ウケる、と失笑。黙ってギターをイジる(ロク)の横で(アズマ)(シュウ)を見やる。

確かに、みかけにそぐわない言動。外見の控え目さに比べてだいぶ挑発的だ。だからこそ外見は控え目にしているのだろうか。指に前髪を巻き付けながら口を尖らせる(シュウ)


「全員殺した?」


唐突に放たれた、可愛らしい仕草に反した科白(セリフ)


1人だけと(ロク)が返すと───妙な間が開いた。ふぅんと生返事をする(シュウ)は既にこの話題に興味を無くした様子。

(イツキ)は質問の意図を読み取りかねた。単純に成り行きを尋ねたのか、ちゃんと(・・・・)殺したかと尋ねたのか。手酌する(シュウ)を眺めていると燈瑩(トウエイ)の声が耳に届く。

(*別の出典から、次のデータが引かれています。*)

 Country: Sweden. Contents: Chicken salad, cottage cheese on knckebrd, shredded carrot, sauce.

「それって、薄扶林(ポックフーラム)のほうの連中かな」


柔らかく普段より甘いトーン。



(カムラ)は少しだけ緊張した。



誰が聞いても、(シュウ)に優しく話しかけたのかと思えた。しかしその(じつ)、全く柔らかくなどはなく…むしろ真逆。燈瑩(トウエイ)の些細な変化を正確に読み取るのは(カムラ)だけである。

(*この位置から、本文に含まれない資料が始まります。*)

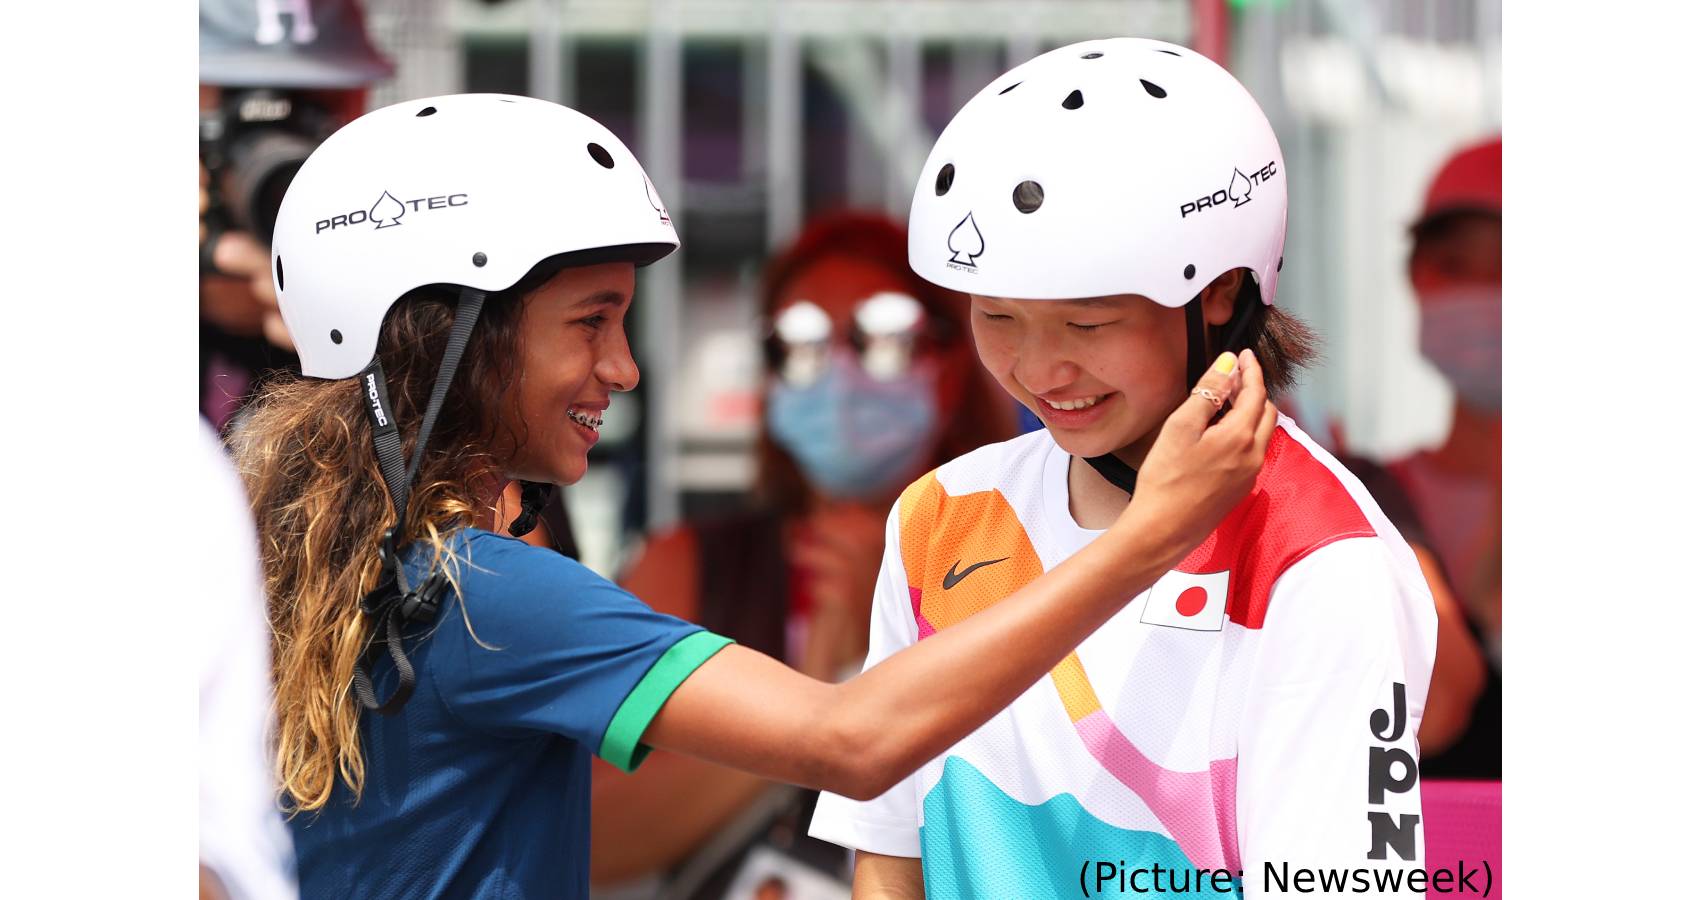 Two 13-Year-Old Skateboarders Are Stars Of Japan Olympics

つまり───なにか、マズイのだ、これは。それが何かはわからないが。


(シュウ)は1拍置いて、違いますよ!鴨脷洲(アプレイチャウ)!と笑顔で答えた。


「そっか。俺、薄扶林(ポックフーラム)は知り合い居るからさ。ちょっと気になっちゃって」

「そぉなんだ。ていうか燈瑩(トウエイ)サン色んな繋がり持ってるんですね。他には──…」

(シュウ)


(ロク)が、(たしな)めるように名前を呼んだ。(シュウ)(ロク)に視線を寄越し‘なぁに?’と笑う。


その一瞬の目付きに、(カムラ)はどこか、薄ら寒いものを感じた。


ただでさえ場の空気がおかしいというのに。おかしいと思っているのは自分だけかも知れないけど。ん?そうするとおかしいのは俺?いやいや。おかしないやろ。…おかしない?いや、おかしいんやって。…は?


「と、とにかくな!」


よくわからなくなってきた(カムラ)は、頭を振って燈瑩(トウエイ)に向き直る。


「トラブルっちゅう訳やないんですよね?」

「うん、ほんとにちょっと気になっただけ」


そう言って笑う燈瑩(トウエイ)はいつもの表情。先ほどまでの雰囲気は消えている。


「手伝える事あったら()うて下さい」

「僕も手伝いますよ燈瑩(トウエイ)サン」


(カムラ)(シュウ)の申し出にありがとうと述べる燈瑩(トウエイ)の後ろから、会話に参加しておらずひとつも話を掴めていない(レン)がホクホク呑気に大盛り青椒肉絲(チンジャオロースー)を運んできた。(シュウ)(イツキ)に身体を寄せ、お兄ちゃん!食べよっ!と満面の笑みをみせる。(イツキ)は頷き、(シュウ)の皿に大量の肉を、(アズマ)の皿に大量のピーマンを取り分けた。








夕食後。(ロク)のギターの()を背に燈瑩(トウエイ)は外へ煙草を吸いに出る。ちょうど入れ違いでやってきた(タクミ)が‘店内(なか)で吸えばいーじゃん’と首を傾げた。


携帯を取り出すとチカチカ光る液晶の画面、新着通知が数件…界隈の動向を探らせていた人間達。新規のルート、潰れたルート、乗っ取られたルート、関わっている人物。



────関わっている人物。



核心を突くような情報ではない。目を通しただけでメールを消去し、燈瑩(トウエイ)は煙を虚空に散らす。




湿度の高い風は、相も変わらずゆっくりと、城塞へ分厚い雲を運び続けた。